CSUDH is Hiring Faculty

By Kelsey Reichmann
Managing Editor

California State University, Dominguez Hills is committed to raising graduation rates, nearly $3.5 million a year committed.

The Graduation Initiative 2025 was set up across all the California State Universities in 2015 to raise graduation rates. Each year, the CSU allocates funds to each university depending on need. For the 2018-2019 school year, CSUDH was given $3.819 million.

So where does all this money actually go?

The CSU does not mandate specific areas where funds must go, but rather broadly states that the money should be used for “ensuring classes are available when students need them and hiring additional faculty to teach those classes,” according to CSU Graduation Initiative: Progress Report 2018.

At the Budget Town Hall meeting on Nov. 14, Naomi Goodwin, vice president of administration and finance, said $350,000 is put aside for math and English academic support for freshmen and courses with low success incomes.

Ken O’Donnell, vice provost accreditation liaison officer, says that CSUDH is focusing on two areas to allocate the rest of the funding: hiring faculty and data analytics.

Between fall 2012 and fall 2016, CSUDH made 96 tenure-track faculty appointments according to the Report on the 2016 Faculty Recruitment and Retention Survey put out by the office of the chancellor.
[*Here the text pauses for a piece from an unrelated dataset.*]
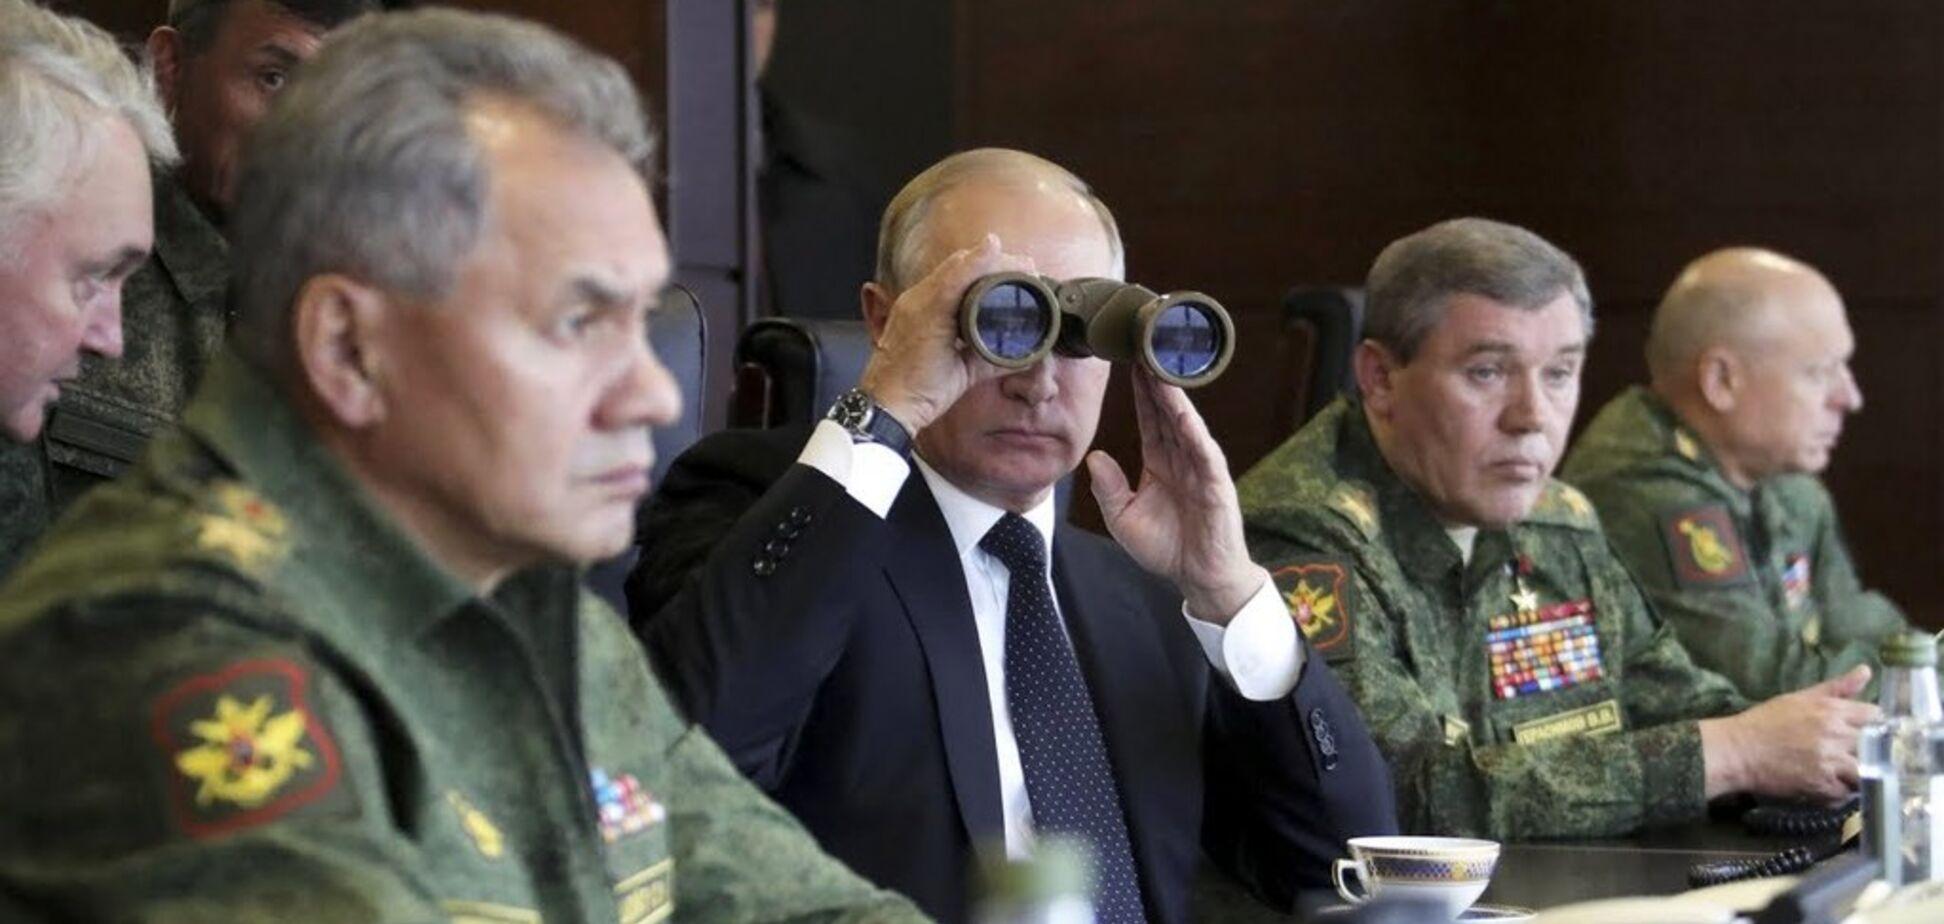 Режим Путіна стає ще небезпечнішим

During this same period, California State University, Fullerton made 254 appointments and California State University, Long Beach made 235. The same report also states that CSUDH has the lowest success rate of all 23 CSU campuses for tenure-track searches and appointments at 66 percent.

“I’ll point out the dismal lack of tenure density at Dominguez Hills, which went from 33 percent to 28 percent tenure density in the last five years,” writes Molly Talcott, California Faulty Association Vice President-South, in a November 2017 article titled “The CSU needs to improve faculty tenure density- and here are numbers to prove it.”

Tenure density has been a problem at CSUDH for a long time. This explains why they are allocating all but $625,000 of the remaining $3.469 million for the hiring of tenure-track faculty O’Donnell said.

O’Donnell says tenure-track faculty is proven by national studies to improve student success because faculty are on campus more and help the administration make decisions about where the university is headed.

“Those faculty are expected to contribute more to the university then the lecturers are…so when there are decisions to make or committee meetings that you need a faculty representative in, we don’t normally ask them (lecturers) to come because they are not being compensated for it,” O’Donnell said.

While CSUDH has been given a considerable amount of money to hire tenure-track faculty, this in no way makes the process easy. O’Donnell says they usually spend a whole year looking through faculty applications. Once they agree on faculty appointments, the University Budget Committee approves them and then they are sent to the president for final approval. The process seems long and tedious, however, receiving tenure allows the professor to be at the university for the rest of their career and will result in a lot of money from the university O’Donnell said.

The $625,000 will be allocated to what is referred to as data analytics. O’Donnell says that this information would show professors how well students are doing in their classes. The hope, O’Donnell says, is to get this information into the hands of everyone who works at CSUDH to eliminate the achievement gap.

For example, “a chemistry professor could see which course in their entire curriculum is giving students the most trouble and then using that dashboard to disaggregate by the different student ethnicities and that could be how we eliminate our achievement gap,” O’Donnell said.

The money will be used to hire IT staff as well as train professors on how to interpret and use the data they will be receiving.

Currently, none of the funds given by the CSU are allocated for creating classes because CSUDH is using the money from the student success fee for this O’Donnell said. However, in the next few years, Dominguez could be seeing a surge in admissions. CSUDH will be apart of a redirection program in which students who apply at other CSU’s and are not accepted will be automatically accepted at CSUDH. This coupled with the decline in classroom numbers as a result of the Master Plan construction will be something to keep an eye on.